Well? Why is abcdefghijklmnopqrstuvwxyz considered the definitive “alphabetical” order? Why don’t we arrange letters by their frequency of ocurrence instead? (then “e” would be first) Why THIS order and not THAT order, or any other order besides the one we use?

And who invented that damn tune you sing the alphabet to?

I forget who made the tune. It was either, Bach, or Brahm or some composer with a B name. The tune is just Twinkle Twinkle, Little Star if you haven’t noticed by now.

See, the alphabet is in that order BECAUSE of the song.
(apologies to Steven Wright or whoever)

The letter order must be arbitrary. Any order that “makes sense” now won’t do so in the future. For instance, letter frequency depends on spelling, and spelling gets screwed around with every so often under the guise of spelling reform.

Actually, I think it was Dr. Sean Kenniff from Survivor I.

This is just a WAG, but until the Romans created the Latin alphabet, most alphabets used letters and numbers interchangably. i.e. A=1, B=2, etc. Hebrew still does this. Don’t know about other languages. Since Hebrew, Greek, etc. have orders vaguely similar to the Latin alphabetical order, it is probably based on that system. In other words alphabetical order is alphabetical order because it’s actually numerical order.

It was actually Mozart. Twinkle Twinkle is his Theme and Ten Variations from Ah! Vous dirai-je, maman.

I posted this very question about 9 months ago whereupon I was told that someone had posted it a few months prior to that.

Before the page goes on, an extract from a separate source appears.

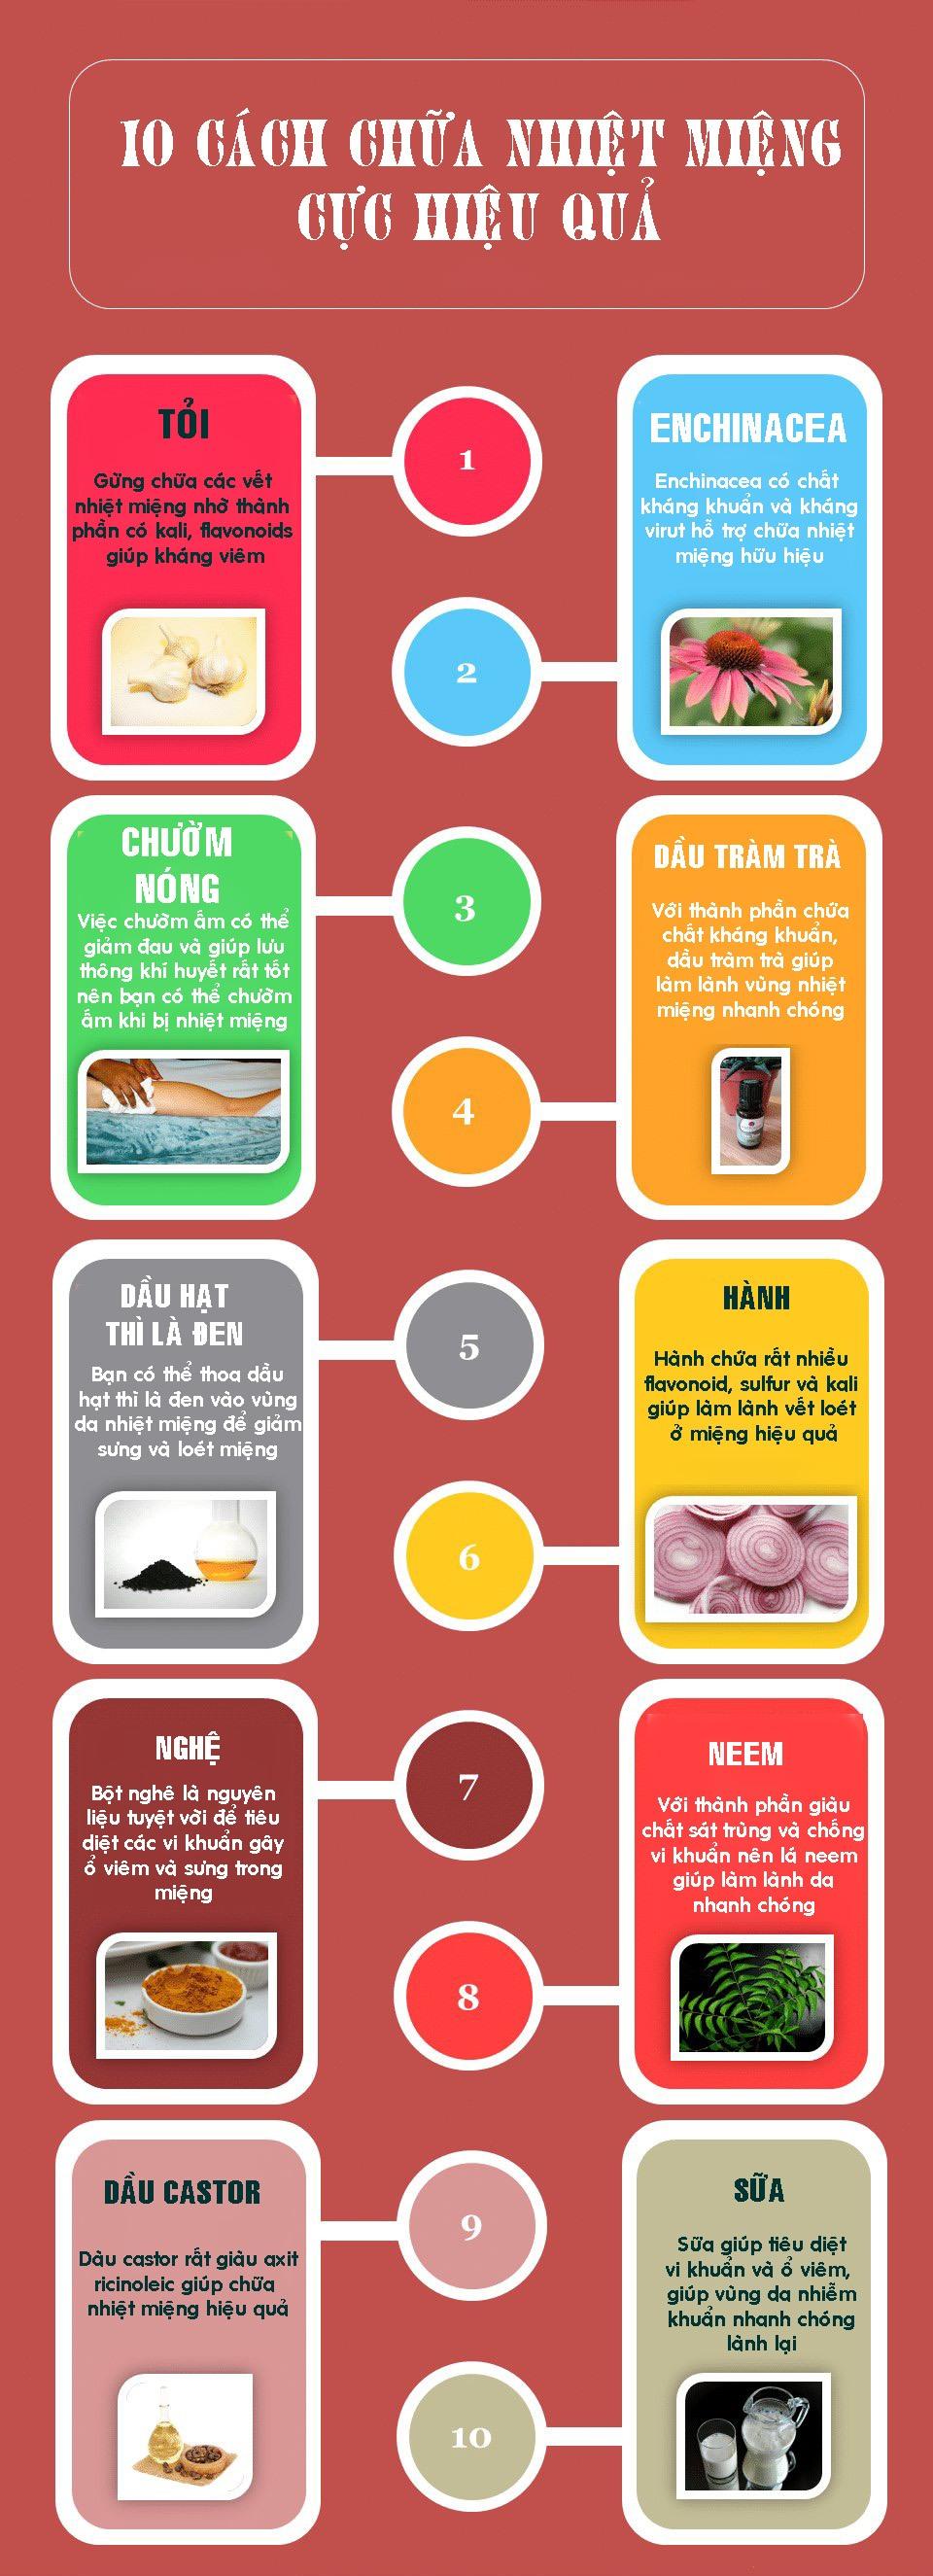 Bị nhiệt miệng mùa Đông cứ áp dụng 10 cách này đảm bảo khỏi luôn và ngay - 1

Use the search function and you’ll find the old threads.

Well, the old threads talk a lot, but I don’t know that they provide a definitive answer:

The Alphabet Song

Alphabetical Order

My guess would be that the Phoenicians just got into the habit of ordering their writing characters in a certain way and all the derivative alphabets have followed that practice.

An Indian roommate I had in college told me that “alphabetical order” in Sanscrit was based on the shape of the mouth when pronouncing each sound, so similar letters (such as l and r, or hard g and k) would be grouped together. Presumably, this would remain a “logical system” so long as pronounciation remained relatively constant.

Interestingly, while the alphabet has been in its current order (more or less) for a very long time, it wasn’t until after the invention of moveable type that the idea of arranging things alphabetically really took off.